If $M$ is a monoidal category, an enriched category over $M$ is a category $C$ whose hom-sets are viewed as objects in $M$. And a monoidal category $M$ is said to be closed if the tensor product functor has a right adjoint, known as the internal Hom functor.
My question is, are “monoidal category enriched over itself” and “closed monoidal category” equivalent? To put it another way, do all monoidal categories with internal Hom sets have internal Hom functors, and do all monoidal categories with internal Hom functors have internal Hom sets?
If not, does anyone know of counterexamples in either direction?
The two concepts are distinct.
In general it is true that every monoidal closed category is enriched over itself, and this fact is exploited for studying enriched presheaves.
The converse does not hold as the following example will show.

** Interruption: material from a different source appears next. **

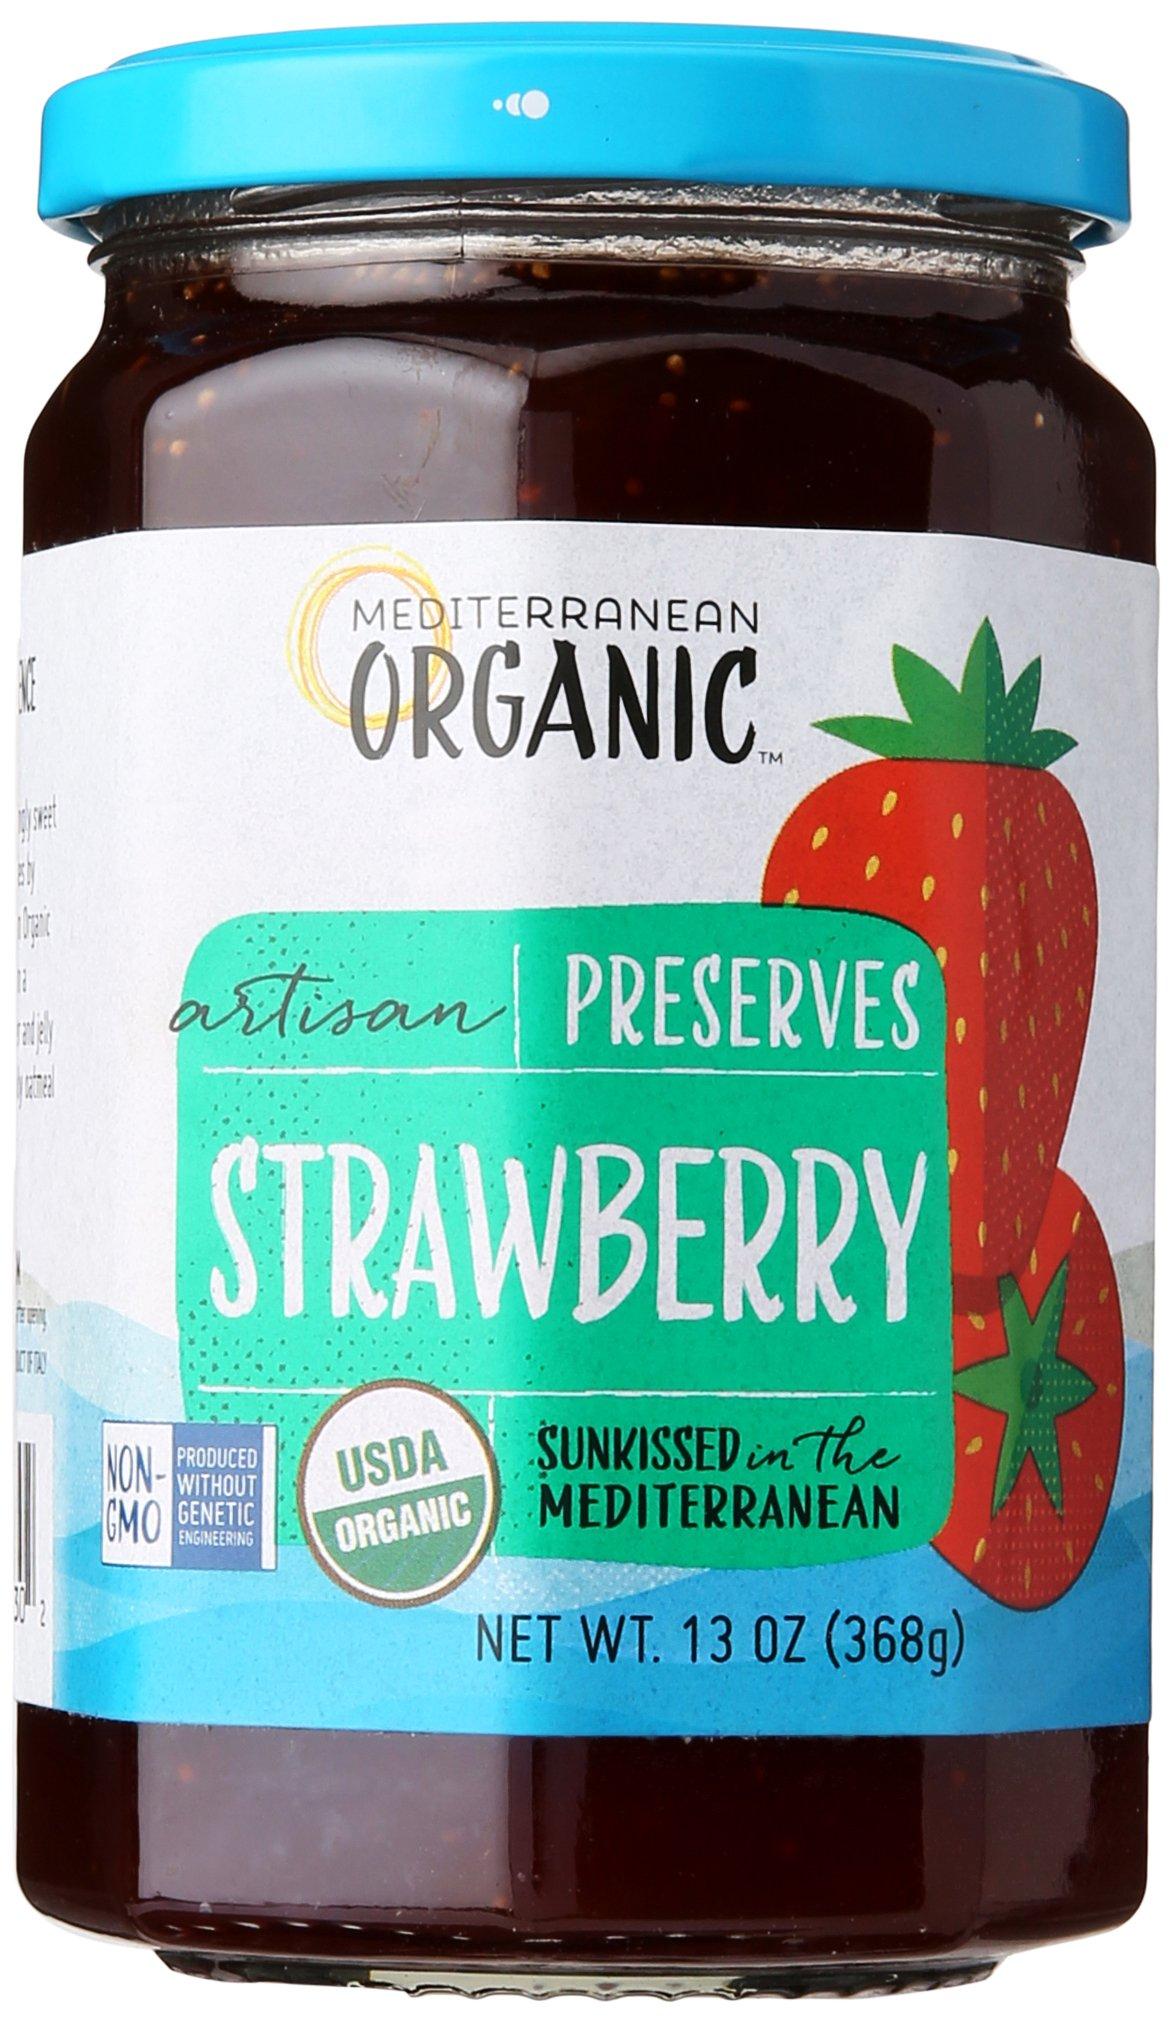 Mediterranean Organics Preserve Strawberry, 13 oz

Consider the category $\mathbf {Top}$ of topological spaces and continuous maps between them, with the cartesian monoidal structure. This category is not catesian closed (if I am not mistaken that is because products do not commute with colimits in $\mathbf {Top}$, hence products cannot have right adjoints).

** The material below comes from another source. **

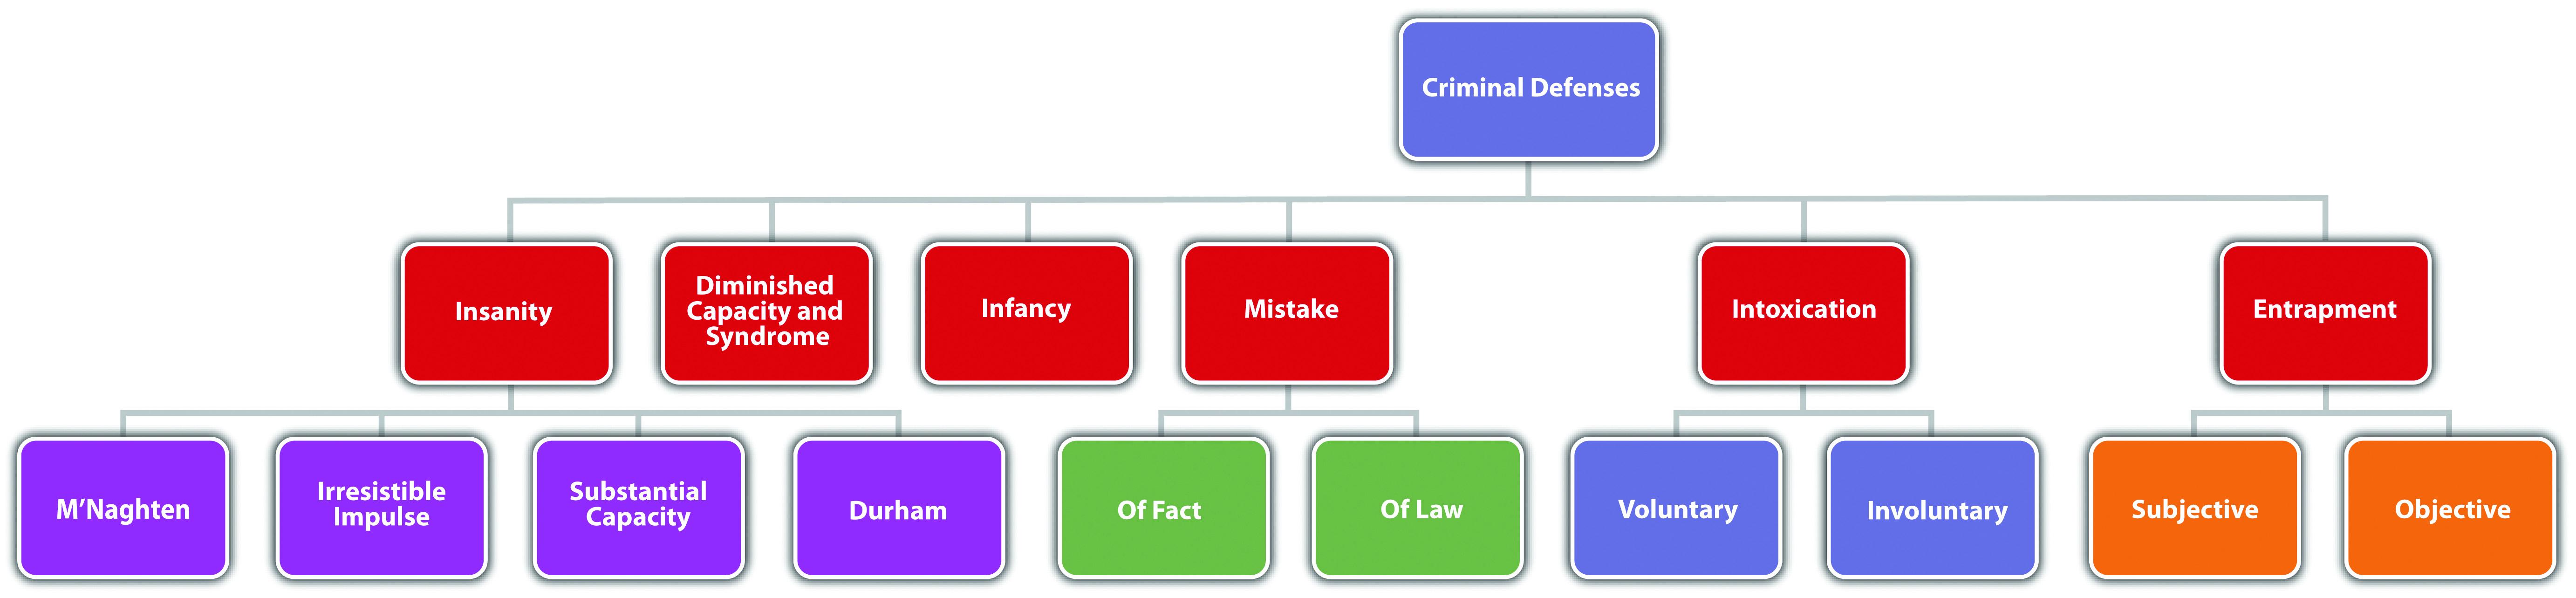 Diagram of Defenses, Part 2

Nevertheless you can enrich $\mathbf{Top}$ over itself by regarding every set $\mathbf{Top}(A,B)$ as a topological space with the trivial topology (i.e. the topology in which every subset is open). With this topology the compositions are clearly continuous and it is trivial to verify that this is indeed a $\mathbf{Top}$-enriched category.
So while it is true that $\mathbf{Top}$ can be enriched over itself it is not cartesian closed.
Edit: from a discussion with the OP I have noticed that there is a misunderstanding on the notion of monoidal closed category.
Being monoidal closed is not equivalent to just having an internal $\hom$-functor, you also need for the covariant functors $\hom[X,-]$ to be right adjoint to the products $-\otimes X$.
The example above shows this: the products $-\times X$ in $\mathbf{Top}$ do not have, generally, right adjoints, but the $\hom$-functor can be turned into a $\mathbf{Top}$-valued functor.